Department of Surgery
911 N. Rutledge, Rm. 1329
Springfield, IL 62794
(217) 545-8098
awilber@siumed.edu
Andrew Wilber, Ph.D. has joined the faculty at Southern Illinois University School of Medicine as an assistant professor of surgery in the Division of Urology. Prior to joining the department, he worked as a postdoctoral fellow in the Department of Experimental Hematology at St. Jude Children’s Research Hospital in Memphis, Tenn. (2007).
Wilber completed his doctoral studies in the department of Molecular, Cellular, Developmental Biology and Genetics at the University of Minnesota in Minneapolis (2006). He earned his bachelor’s in Biology and Chemistry at Millikin University in Decatur, Ill. (1996).
He is a member of the American Society of Gene Therapy and the International Society of Experimental Hematology. He has published several journal articles and book chapters. His research interest is applying molecular genetic methods to the treatment of bladder and prostate cancer. In addition, he maintains a collaboration with Dr. Arthur Nienhuis at St. Jude Children’s Research Hospital. The goals of this project are to (1) test potential “activating factors” of the gamma-globin gene in hematopoietic stem cells and (2) to develop lentiviral vectors capable of conferring therapeutic levels of gamma-globin gene expression in erythroid cells following hematopoietic stem cell gene transfer.
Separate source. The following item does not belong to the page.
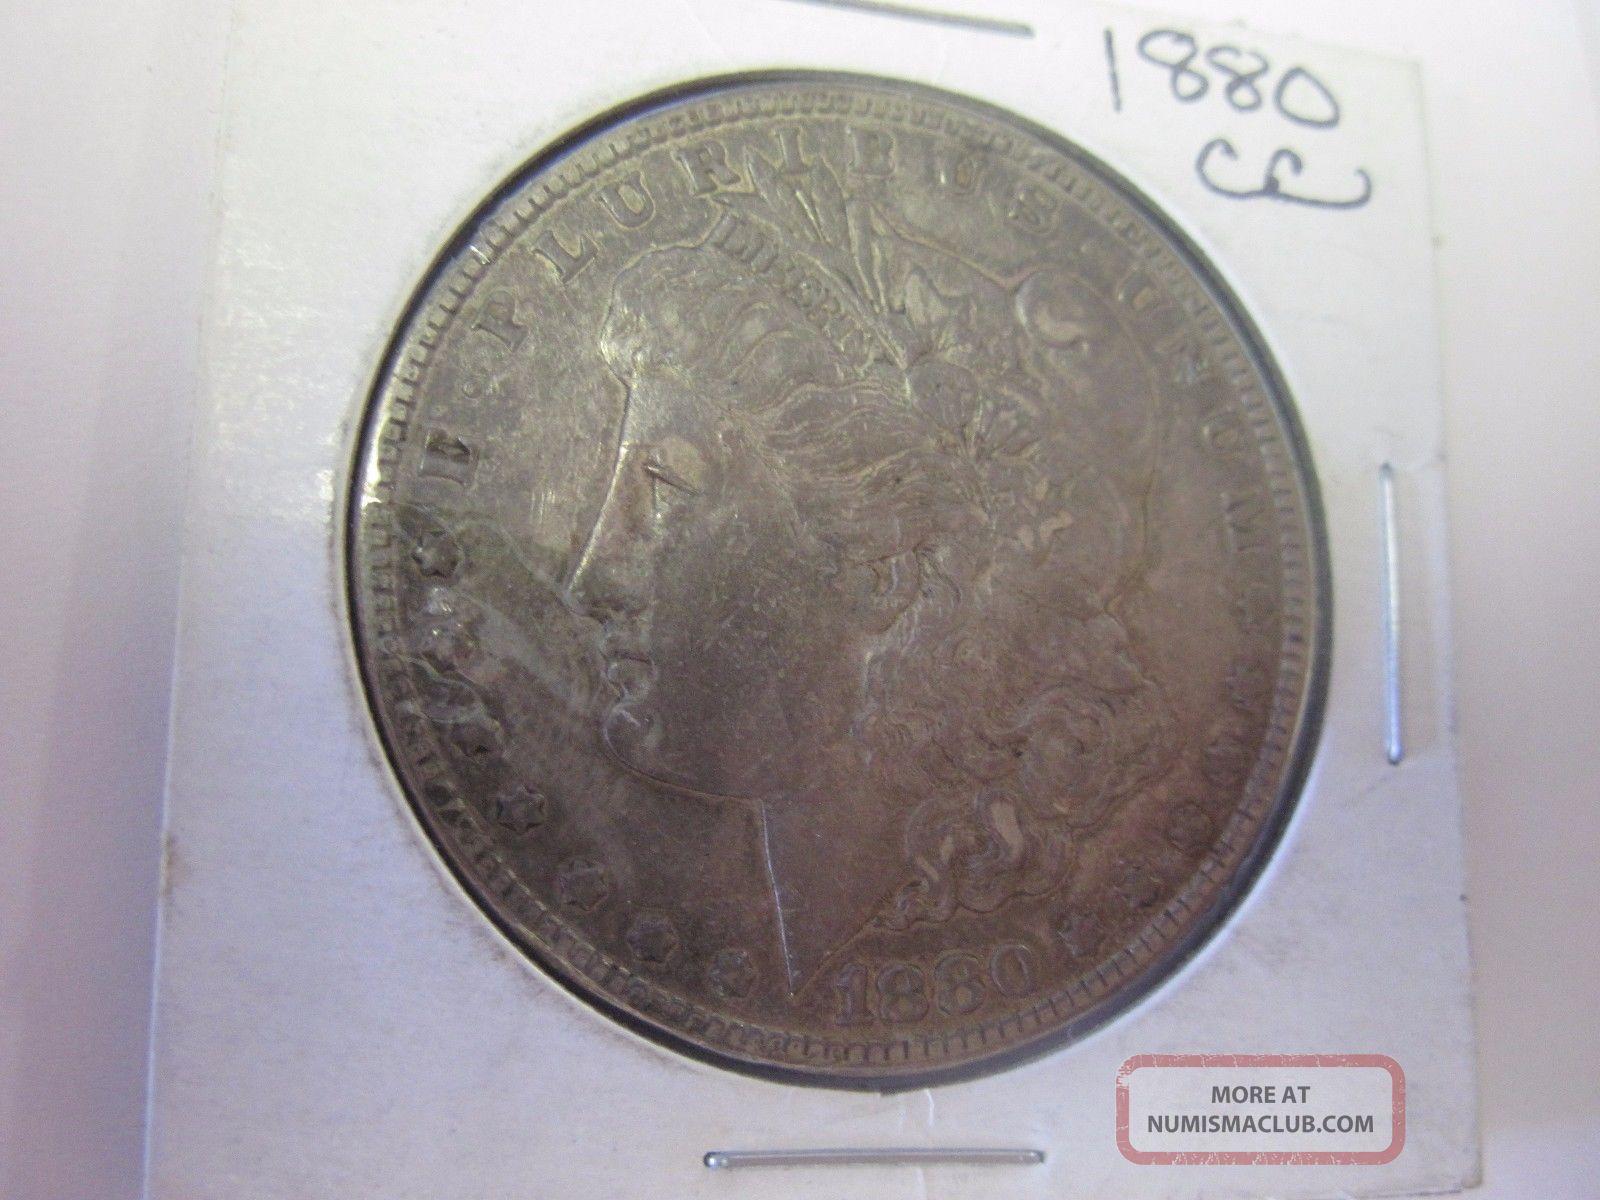 1880 Cc Morgan Silver Dollar Circulated Not Certified Dollars photo

A positive response for either of these approaches could be used as a potential gene-based therapy for individuals with inherited forms of anemia (including Sickle Cell Anemia and Beta-Thallasemia).
A native of Dawson, Wilber is married to Tiffany and has three children.
University of Minnesota; Minneapolis, Minnesota 9/02 – 9/06
Ph.D. in Molecular, Cellular, Developmental Biology, and Genetics G.P.A.: 3.36/4.0
Millikin University; Decatur, Illinois 8/92 – 5/96
B.S. in Biology and Chemistry G.P.A.: 3.59/4.0
Postdoctoral Fellow; St. Jude Children’s Research Hospital, Memphis, TN
RESEARCH ADVISOR: DR. ARTHUR NIENHUIS
GENE THERAPY FOR HEMOGLOBINOPATHIES
• In vitro generation of red blood cells from human and non-human primate
hematopoietic stem cells for evaluating fetal and adult globin gene expression. Stable, non-viral gene transfer for correction of mouse models of human disease
• HIV- and SIV-based lentiviral transduction of adult hematopoietic stem cells for
gain-of-function and loss-of function studies for maintenance of fetal hemoglobin
• Effect of perturbed expression of chromatin remodeling factors on differentiation
of hematopoietic stem cells in mouse model systems
Pre-Clinical Evaluation of the Sleeping Beauty Transposon System for Gene Therapy
University of Minnesota, Minneapolis, MN
RESEARCH ADVISOR: DR. R. SCOTT MCIVOR
• Stable, non-viral gene transfer for treatment of mouse models of human liver disease
• Genetic engineering of adult and embryonic stem cells for stable transgene expression
• Engineering of transposase-encoding messenger RNA for transposon-mediated
gene transfer and stable expression in somatic cells and tissues
RECIPIENT OF DOCTORAL DISSERTATION FELLOWSHIP 7/05 - 7/06
RECIPIENT OF NIGMS TRAINING GRANT IN BIOTECHNOLOGY (T32 GM08347) 7/03 - 7/05
Gene therapy safety and efficacy studies, Gene expression regulation,
Stable gene delivery using non-viral and viral integrating vector systems
- Molecular: DNA cloning, Northern & Southern hybridization, Western, Immunohistochemisty.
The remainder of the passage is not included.